Eliminating bias in market research
This year’s International Women’s Day has got us thinking about the impact of sex and gender on research and strategy. It’s easy to forget how recent much of the progress on gender equality has been. When we look beyond the obvious, there are many ‘averages’ and ‘norms’ that by default are still based on men.
Recently, I’ve been reading Caroline Criado Perez’s ‘Invisible Women’ which has prompted me to consider this bias further. As a new member of Incite’s Health team, I have been fascinated by the impact of this often unseen bias on the treatments and care that we accept as ‘standard’.
Perez explains how centuries of analytical bias towards men has shaped the field. Up until the 1990s it was common for clinical studies to overlook female-specific biology, anatomy and pathology, with many under-representing or simply excluding women from their samples. Upon reflection, some of the impact of this is clear; think of all those anatomical posters and models you saw at school or on the walls of doctors’ surgeries – they are often by default male.
More poignantly, Perez presents heart attacks as a compelling example of the fundamental consequences of this that remain today. Research found that in the UK women are 50% more likely to be misdiagnosed following a heart attack, rising to 60% in some types. She explains that not only can women suffer from ‘atypical’ symptoms with no chest pain, but the common diagnostic threshold (biomarker) used to test blood may be too high for women. Even the traditional angiogram scan used for detection looks for obstructed arteries, which are more common in men and often absent in women.

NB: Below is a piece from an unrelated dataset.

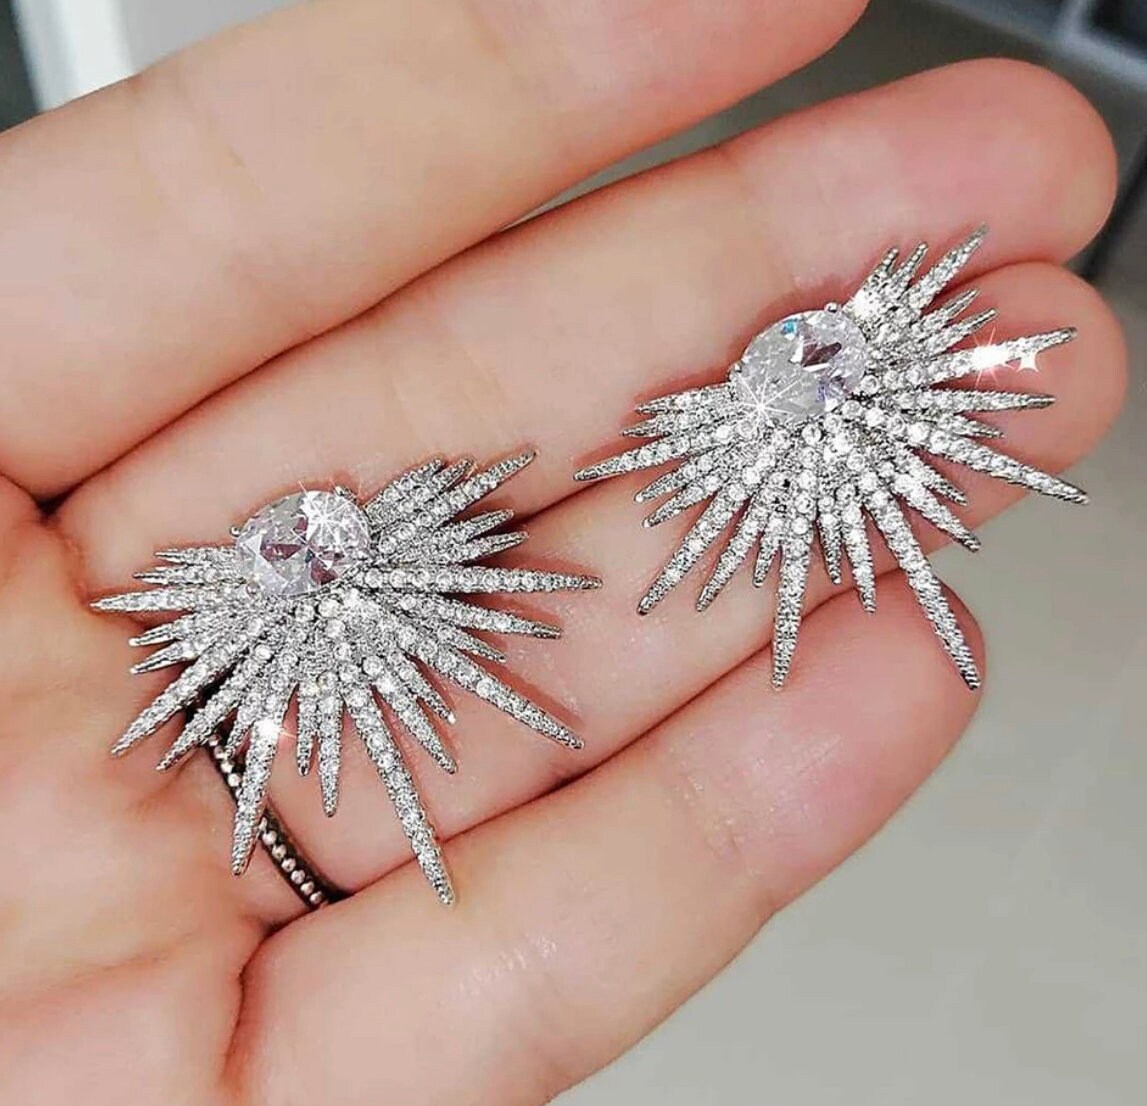 Luxury Fireworks Stud Earrings-Crystal Retro Earrings-Statement Earrings-Star Earrings-Elegant Earrings-Big Shiny Earrings-Wedding Earrings

Well, good job we’d never make these sorts of mistakes in research, planning and strategy, right?
Here are three ways that these types of biases can sneak in, despite our best intentions, and three ways to avoid them:
1 / The flaw of averages
Research going back decades has demonstrated – in often startling ways – that designing for the ‘average’ person, even on a balanced and representative sample, can lead to deeply flawed and incomplete answers. If you want to know more about the maths behind this, you can deep dive on Anscombe’s Quartet, datasets that look like Dinosaurs and the problems experienced by the US airforce fitting cockpits to a non-existent ‘average pilot’.
Curiosity! Get to know your data before settling on a single approach or metric. In particular, visualising data should be a central part of any first investigation of it – not just a way of preparing it for presentation. Our eyes are much quicker at identifying patterns and problems than our rational cognition.

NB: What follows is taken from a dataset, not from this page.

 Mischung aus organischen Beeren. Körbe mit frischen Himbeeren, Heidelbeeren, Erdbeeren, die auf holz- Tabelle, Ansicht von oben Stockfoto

2 / Setting the wrong scope
A focus on in-going hypotheses and unquestioned assumptions can stop research from exploring wider, often important, issues at play. In Perez’s example above, the faulty assumption was that male and female physiology is essentially the same.
Challenge the question before setting out an approach: why are we asking this and what are we looking to do rather than focusing on what we currently think. In our research and consulting we use critical thinking tools like issue trees to make sure that happens.

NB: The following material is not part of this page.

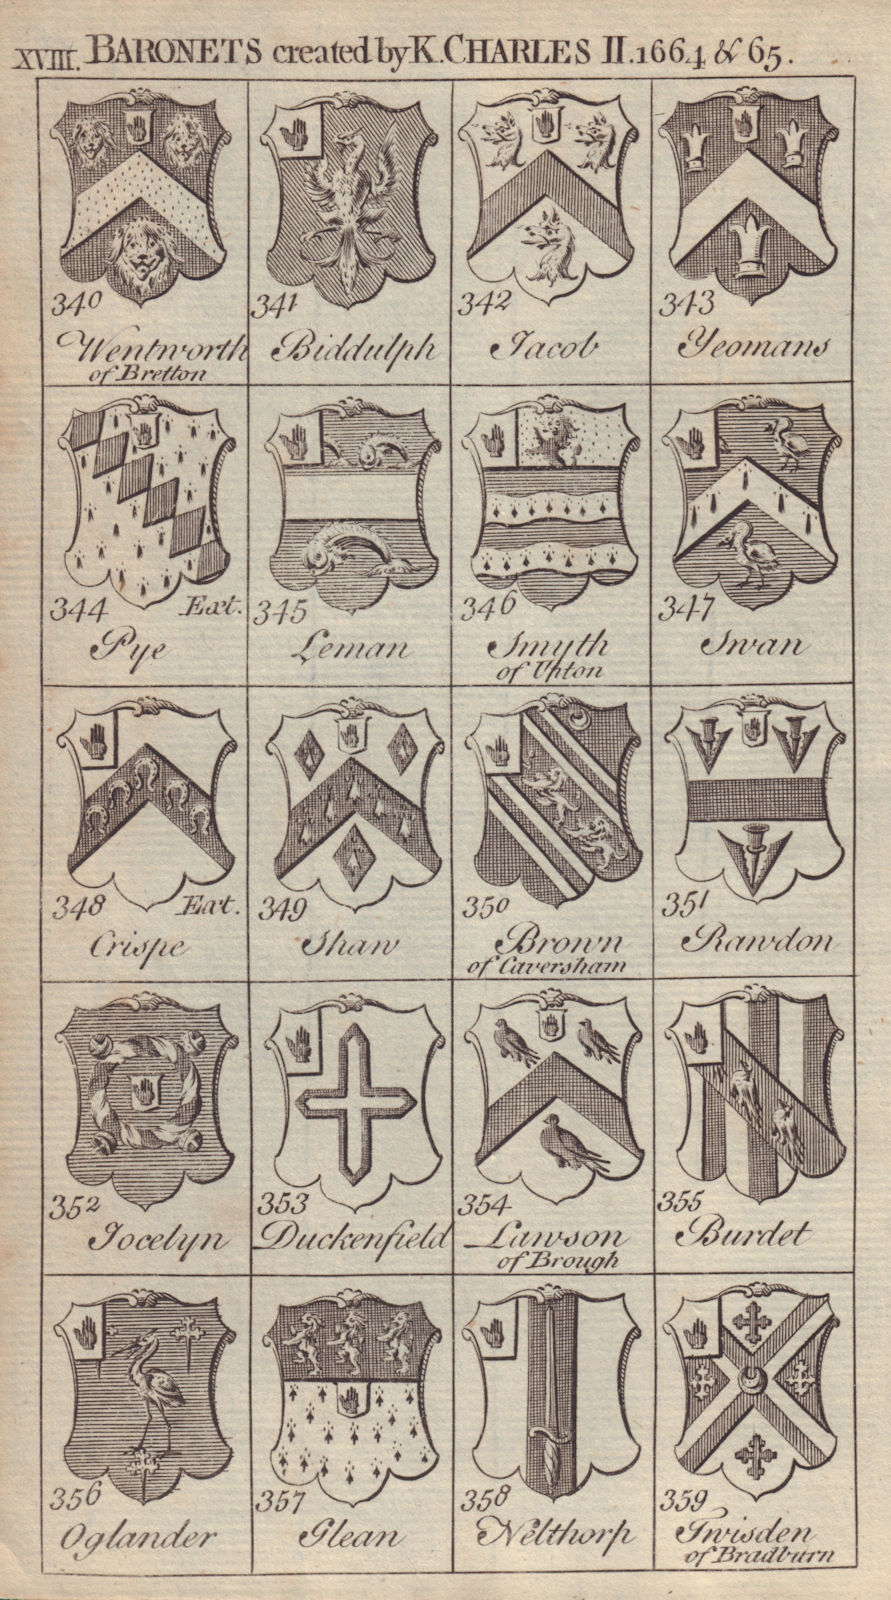 Associate Product Charles II Baronets 1664-65 Biddulph Jacob Yeomans Pye Leman Swan Crispe… 1752

3 / Relying on just one perspective
Using a single research method or approach can narrow findings and prevent you from uncovering the whole story. Equally, a lack of team diversity in analysis sessions can cause key dimensions and considerations to be overlooked.
Creative research methodologies and approaches that leave space for spontaneous discussion are crucial to capture previously unconsidered thoughts. An analysis team with diversity across different ages, genders, races and backgrounds is key to challenging thinking and combating unconscious biases.